Бутрим «был сыном полоцкого скорняка... но единственный сын... отца силь­но разочаровал... скорняка из него не вышло бы никогда, хоть с самого всю кожу сдерни. Недотепу пришлось отдать в ученики к чудаковатому владельцу книжной лавки и переплетной мастерской купцу Ивану Реничу». «Недотепа» — потому что книжками интересовался юный Бутрим гораздо больше, чем выделкой шкур. Здесь тот же прием «косвенности»: это грубоватое определение на самом деле характеризует не парнишку, а его отца: через его отношение к сыну как к «недо­тепе» мы словно воочию видим самого скорняка — простого честного трудягу, в понятии которого увлечение книгами — бесполезная дурь. Впрочем, это все же был неплохой отец: ему хватило ума не запирать мальчишку «для вразумления» в чулан, а «смириться с тем, что сын пойдет по ученой части». Это будет Полоц­кий коллегиум, два университета, «докторская цепь на грудь», общение с ученым миром Европы...

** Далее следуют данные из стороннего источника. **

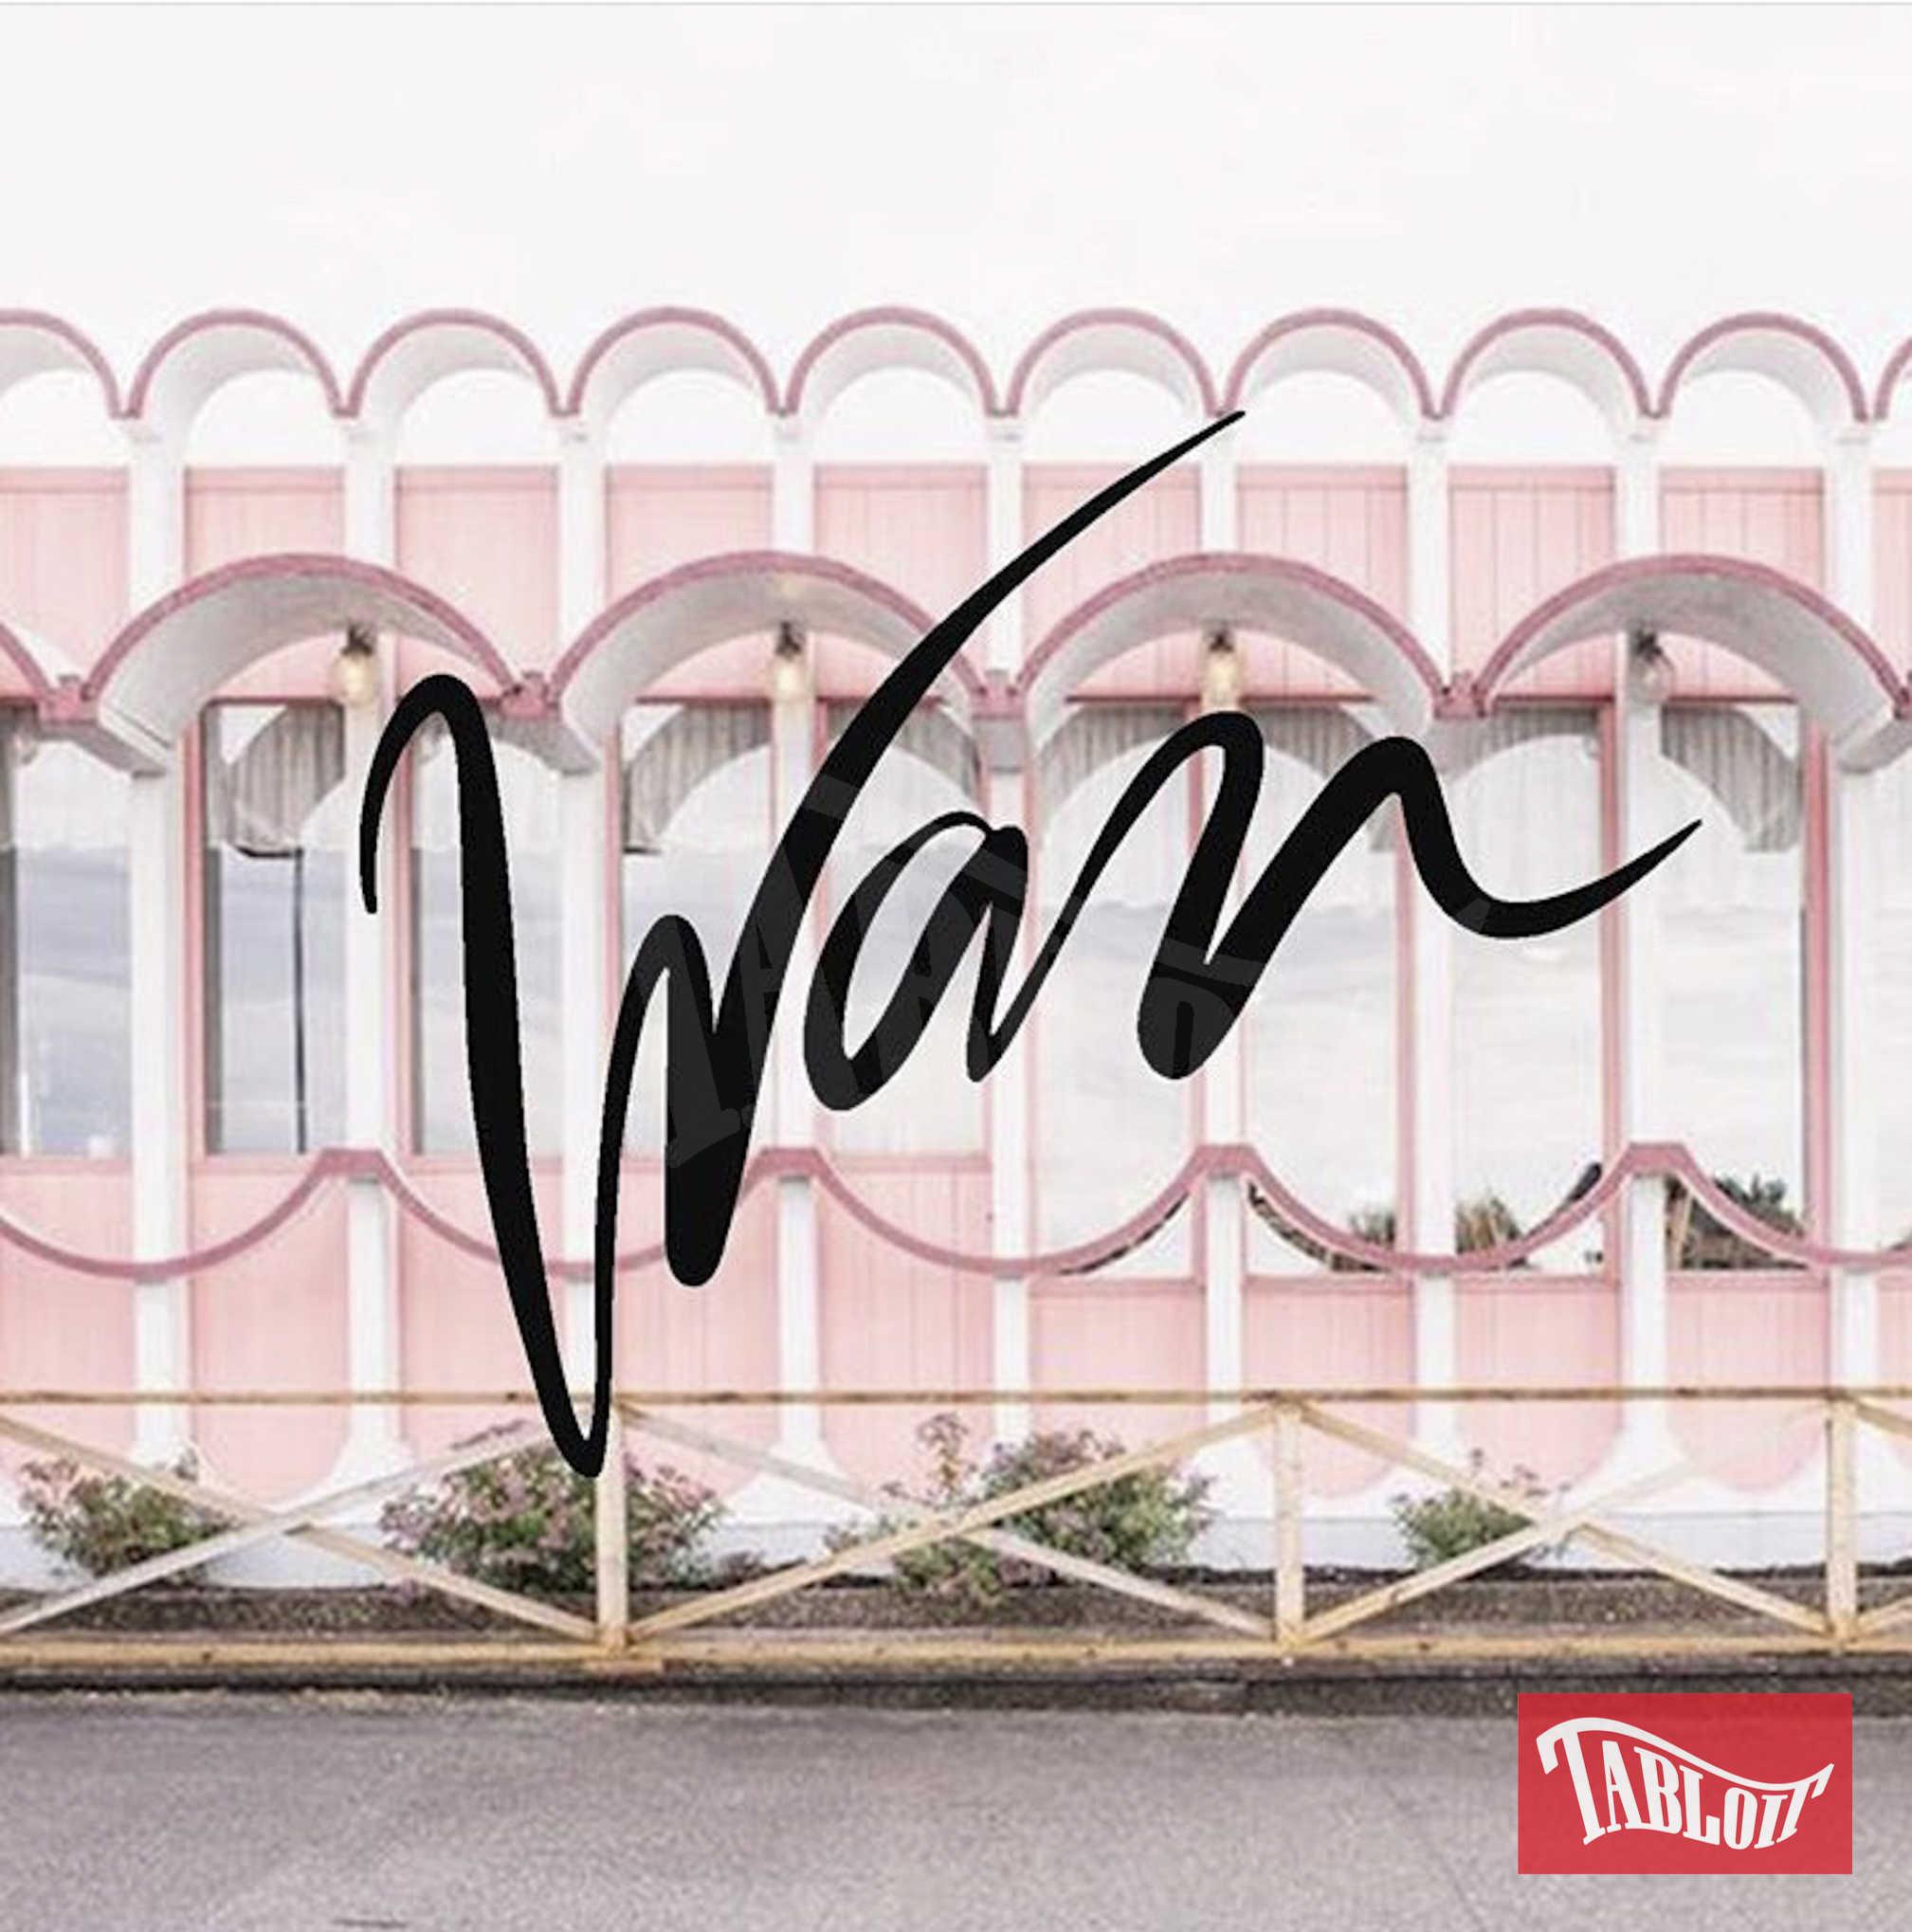 Il logo di Wan, nuova collezione moda firmata da Wanda Nara

Сын полоцкого скорняка возник в романе, конечно, неслучайно. Он сразу напоминает нам другого славного сына полоцкой земли — Франциска Скорину. Далее и сам автор сравнивает разностороннего, жадного до знаний своего героя с нашим знаменитым просветителем. Правда, сравнение неожиданное: «Новые и новые знания пьянили сильнее вина... более, чем богоугодное лекарское дело, захватили его науки тайные... Найти философский камень!.. А что, даже другой полочанин, славный Франциск... несколько лет жизни на обретение того камня угробил, перед тем как начал книги печатать». Так, «между прочим», расширяет автор наше представление о славном первопечатнике. Увлечение Скорины алхи­мией не должно умалять нашего к нему уважения: для эпохи Возрождения в Европе был вообще характерен мощный порыв к познанию мира во всем его раз­нообразии. Зарождавшаяся наука ставила перед собой, в частности, благородную задачу борьбы с процветавшими тогда дичайшими суевериями. (Многочисленные примеры таких суеверий тоже приводятся автором: вопиющая расправа — выма­зывание дегтем и закапывание живьем в землю — с бедолагой, подвернувшимся под руку замученным эпидемией «язвы» мужикам, или, при затянувшихся родах, «выманивание» младенца на свет Божий... сахаром. Что поделаешь — без таких «деталей» картина эпохи была бы неполной.)